A recent telephone survey on the use of complementary and
alternative medicine in the United Kingdom yielded a one year
prevalence of 20%.14 Herbalism, aromatherapy,
homoeopathy, acupuncture, massage, and reflexology were among the most
popular. This level of use may seem impressive but, compared with other
countries, it is low (figure). National differences are difficult to
interpret. To some they indicate that in the United Kingdom
complementary and alternative medicine will grow to match its
popularity in Germany or France, where, contrary to the United Kingdom,
it is mostly practised by medically trained
doctors.
The exact reasons for the popularity of complementary and
alternative medicine are complex; they change with time and space, they
may vary from therapy to therapy, and they are different from one
individual to another In essence, therefore, no single determinant of the present popularity
of complementary and alternative medicine exists, but there is a broad
range of interacting positive and negative motivations. Some of these
amount to a biting criticism of our modern healthcare system.

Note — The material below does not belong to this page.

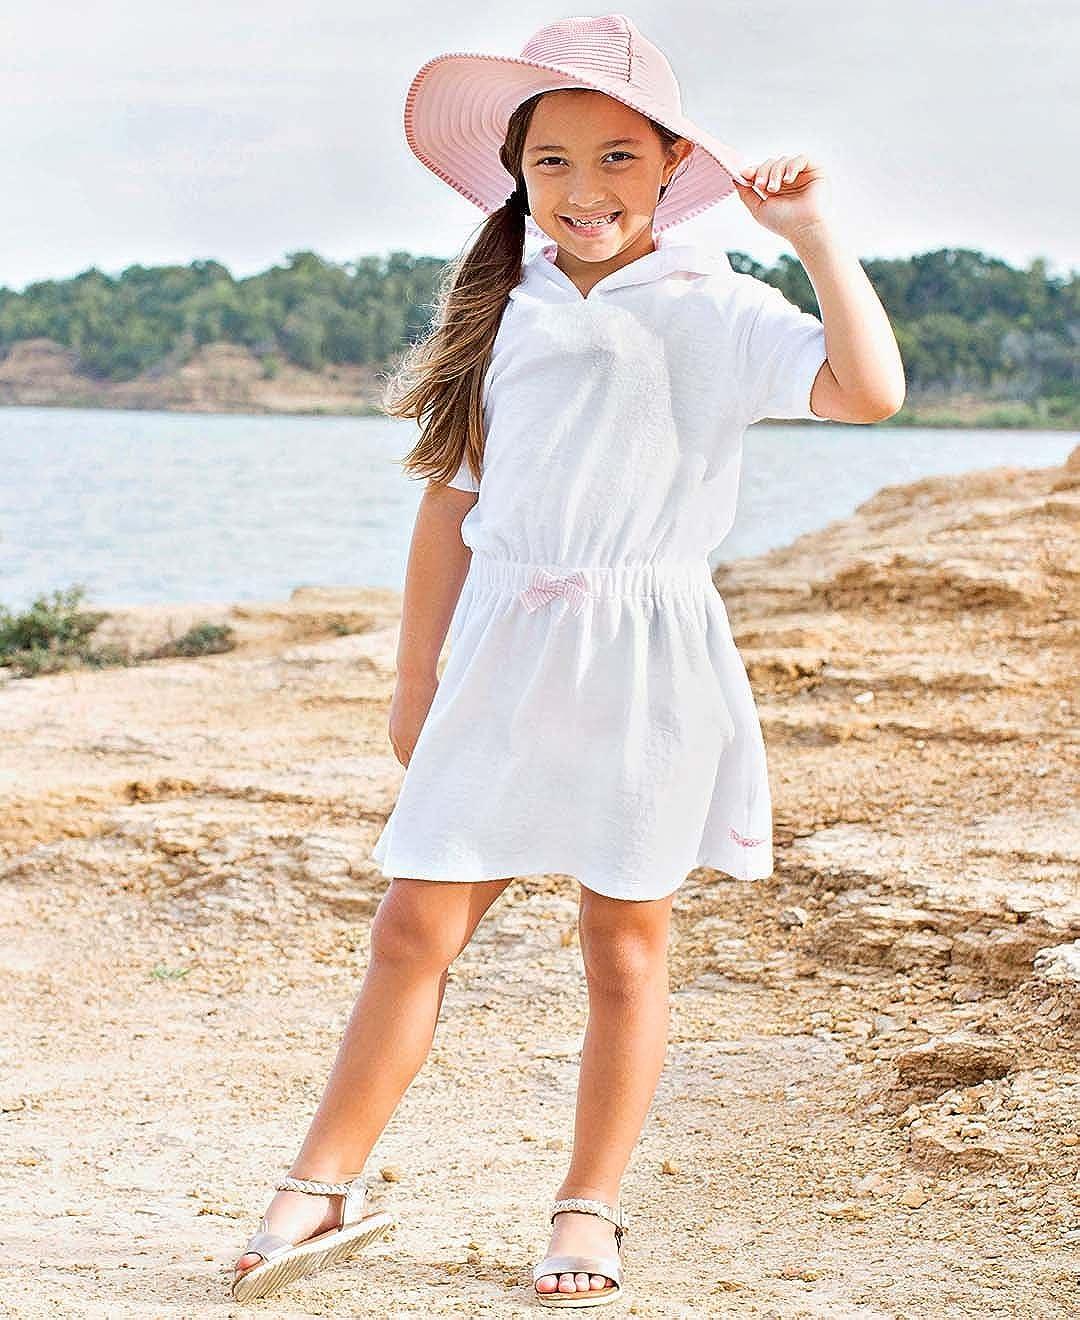 RuffleButts Baby//Toddler Girls Terry Cloth Hoodie Swim Beach Cover Up Dress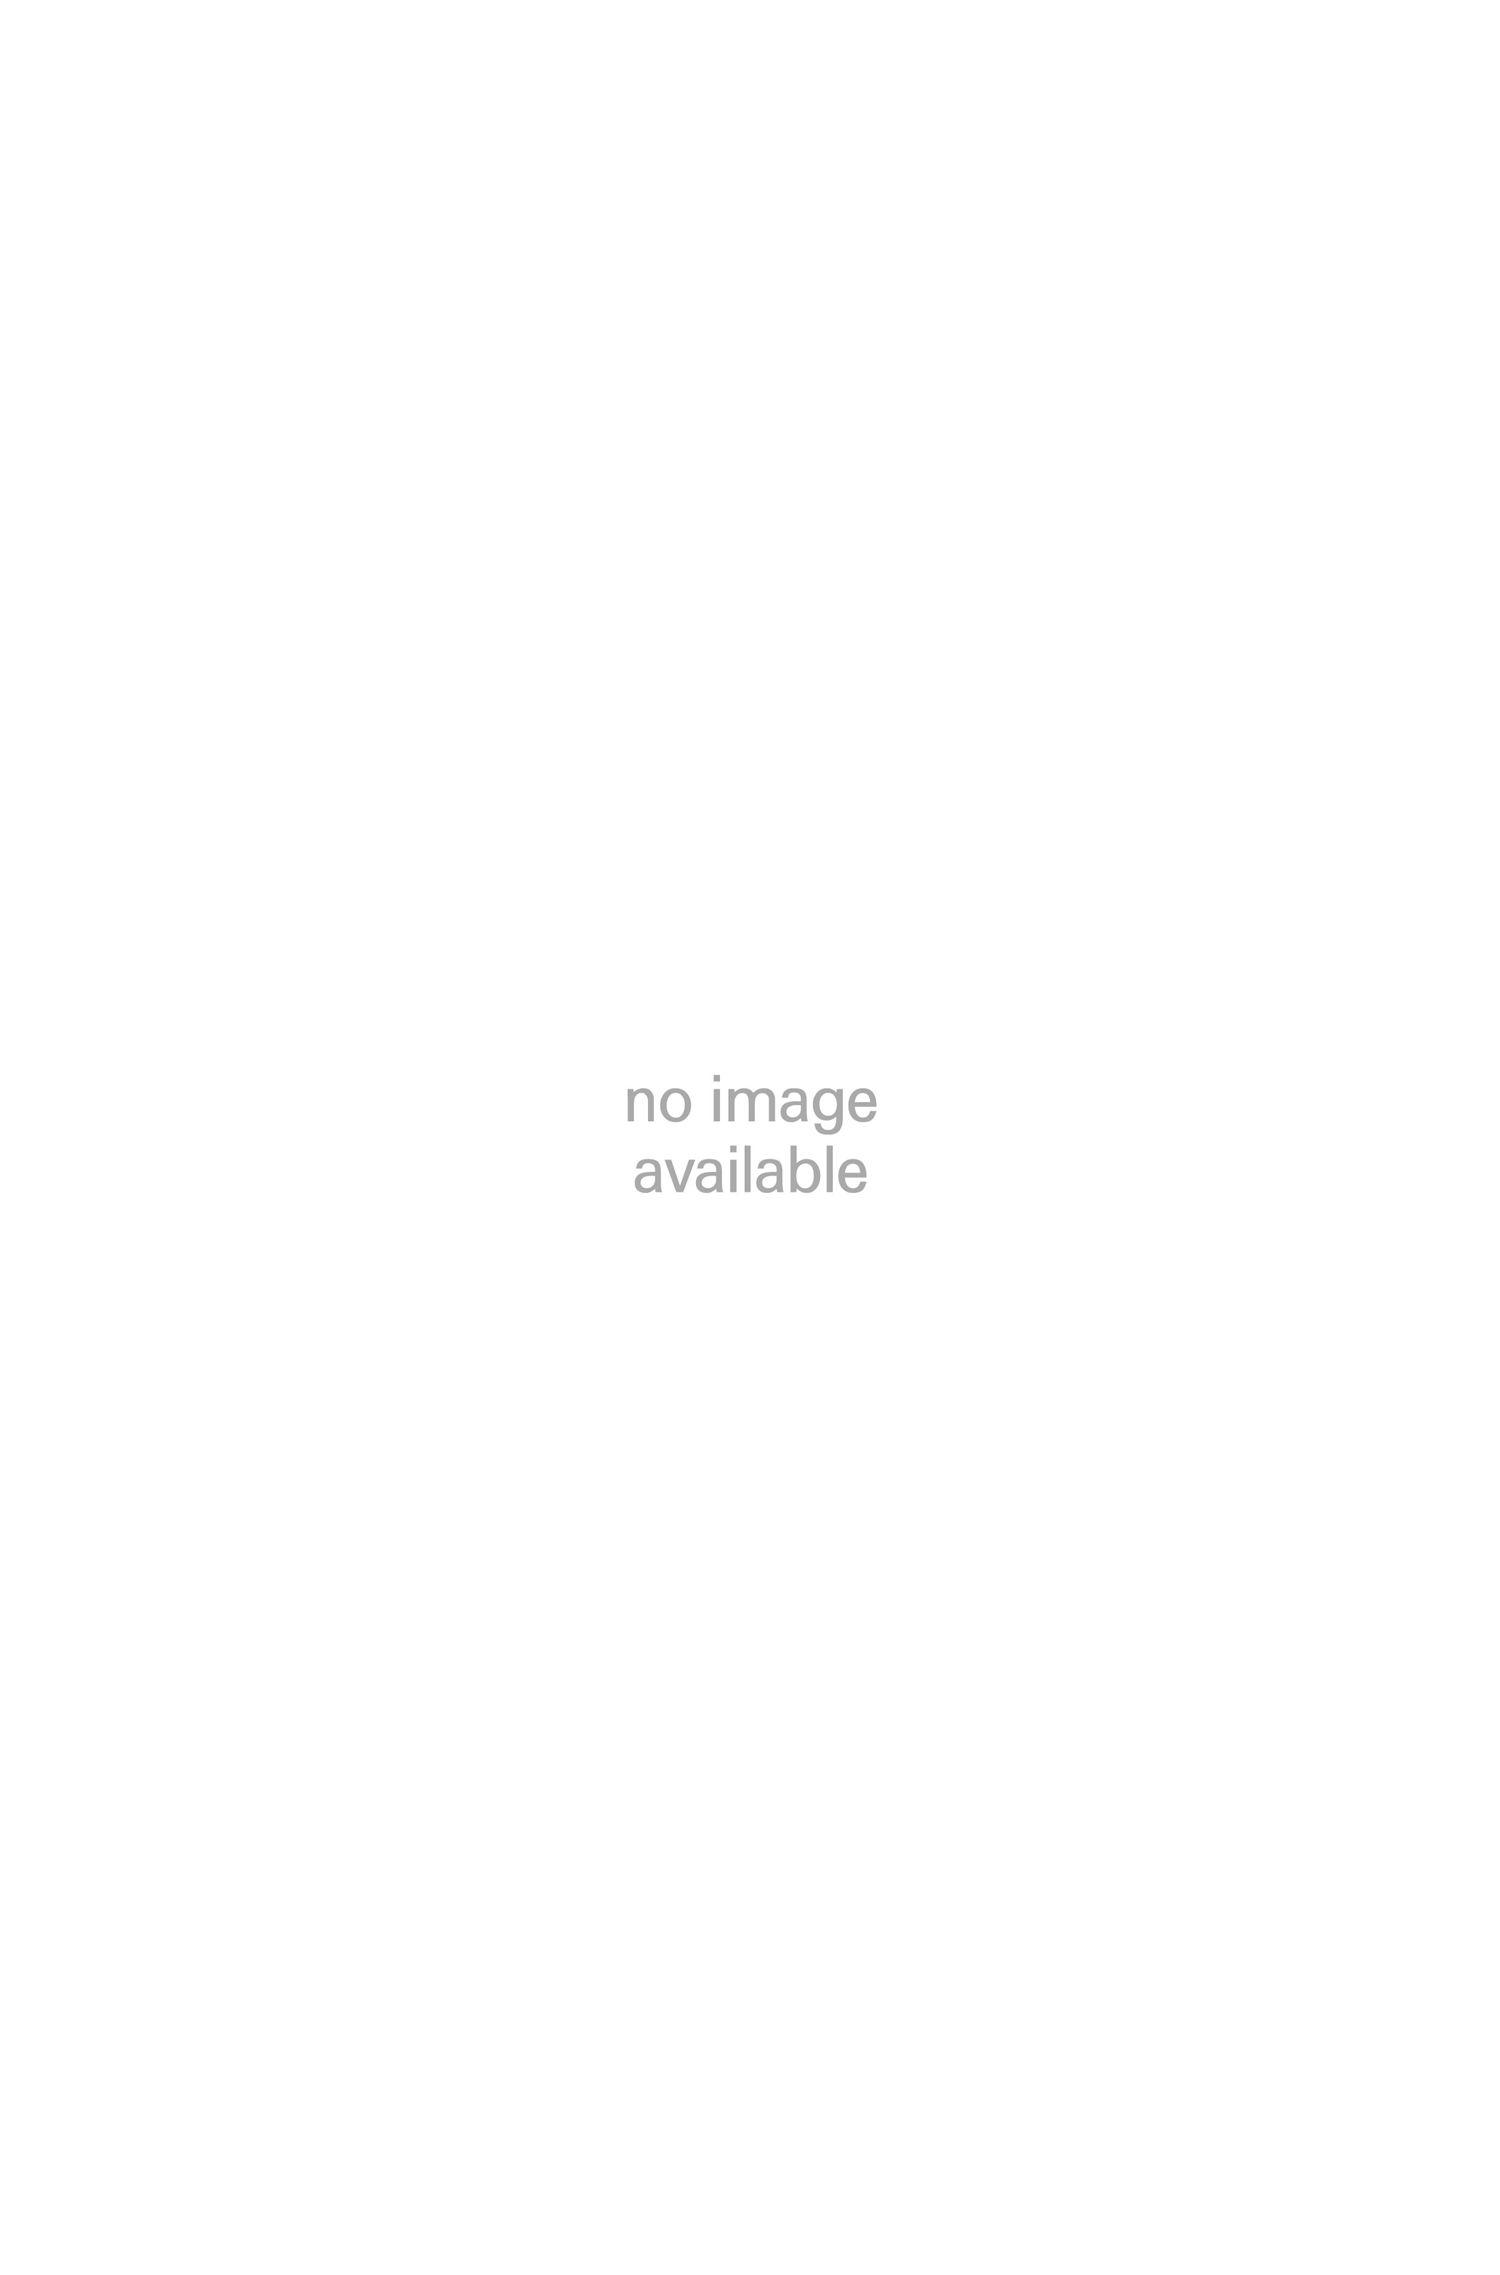 'HUGO ' | 4.2 fl. oz. (125 mL) Eau de Toilette

Regardless of whether this criticism is valid or not, it is often
deeply felt by those who turn towards complementary and alternative
medicine, and mainstream medicine would be well advised to consider it
seriously.
Positive motivations
Negative motivations
Many providers of complementary and alternative medicine are
convinced that their therapy defies the "straightjacket" of
reductionist research. They argue that it is individualised, holistic,
intuitive, etc, and call for a "paradigm shift" in research.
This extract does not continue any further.